### Activity
In the entries below, count every line containing "shape". Return the number and nothing else.

### Material shown
Start of Block

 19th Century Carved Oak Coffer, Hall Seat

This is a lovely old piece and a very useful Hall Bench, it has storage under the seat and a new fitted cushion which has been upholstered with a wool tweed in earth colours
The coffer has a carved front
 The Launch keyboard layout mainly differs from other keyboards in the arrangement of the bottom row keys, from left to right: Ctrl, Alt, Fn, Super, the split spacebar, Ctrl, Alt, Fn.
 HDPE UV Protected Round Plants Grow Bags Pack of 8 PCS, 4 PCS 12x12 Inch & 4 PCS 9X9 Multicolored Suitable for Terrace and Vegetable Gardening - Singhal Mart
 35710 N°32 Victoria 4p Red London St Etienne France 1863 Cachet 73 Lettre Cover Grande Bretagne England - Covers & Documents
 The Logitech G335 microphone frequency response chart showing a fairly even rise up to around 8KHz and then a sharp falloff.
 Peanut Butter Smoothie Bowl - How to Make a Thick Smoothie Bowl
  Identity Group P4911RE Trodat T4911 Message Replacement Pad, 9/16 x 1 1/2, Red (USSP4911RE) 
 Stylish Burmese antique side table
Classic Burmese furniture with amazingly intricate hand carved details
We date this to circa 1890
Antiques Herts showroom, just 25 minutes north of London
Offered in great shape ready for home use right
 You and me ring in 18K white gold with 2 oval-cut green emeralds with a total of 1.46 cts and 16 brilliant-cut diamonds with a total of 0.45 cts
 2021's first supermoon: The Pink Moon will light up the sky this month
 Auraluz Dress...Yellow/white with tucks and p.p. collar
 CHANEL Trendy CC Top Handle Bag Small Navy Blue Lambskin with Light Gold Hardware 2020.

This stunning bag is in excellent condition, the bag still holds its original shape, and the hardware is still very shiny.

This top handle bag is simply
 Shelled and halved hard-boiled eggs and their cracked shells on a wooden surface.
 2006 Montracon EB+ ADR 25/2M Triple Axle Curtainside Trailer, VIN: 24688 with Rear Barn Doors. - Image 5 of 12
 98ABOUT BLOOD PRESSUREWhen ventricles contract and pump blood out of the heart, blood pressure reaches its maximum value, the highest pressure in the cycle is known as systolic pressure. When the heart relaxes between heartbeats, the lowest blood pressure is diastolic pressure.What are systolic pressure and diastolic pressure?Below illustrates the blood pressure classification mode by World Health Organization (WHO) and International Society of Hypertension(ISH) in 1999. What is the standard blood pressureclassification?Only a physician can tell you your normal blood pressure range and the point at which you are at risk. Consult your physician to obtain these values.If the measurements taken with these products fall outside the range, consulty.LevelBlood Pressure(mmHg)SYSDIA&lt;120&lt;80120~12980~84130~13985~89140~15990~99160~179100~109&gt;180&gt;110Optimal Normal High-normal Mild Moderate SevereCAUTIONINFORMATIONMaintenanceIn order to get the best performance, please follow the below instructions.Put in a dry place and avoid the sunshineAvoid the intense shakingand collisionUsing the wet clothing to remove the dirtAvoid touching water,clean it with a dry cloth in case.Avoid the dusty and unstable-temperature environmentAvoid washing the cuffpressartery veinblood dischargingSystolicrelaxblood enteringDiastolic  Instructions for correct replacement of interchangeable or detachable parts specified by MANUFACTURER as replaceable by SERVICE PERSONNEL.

End of Block

### Exercise solution
2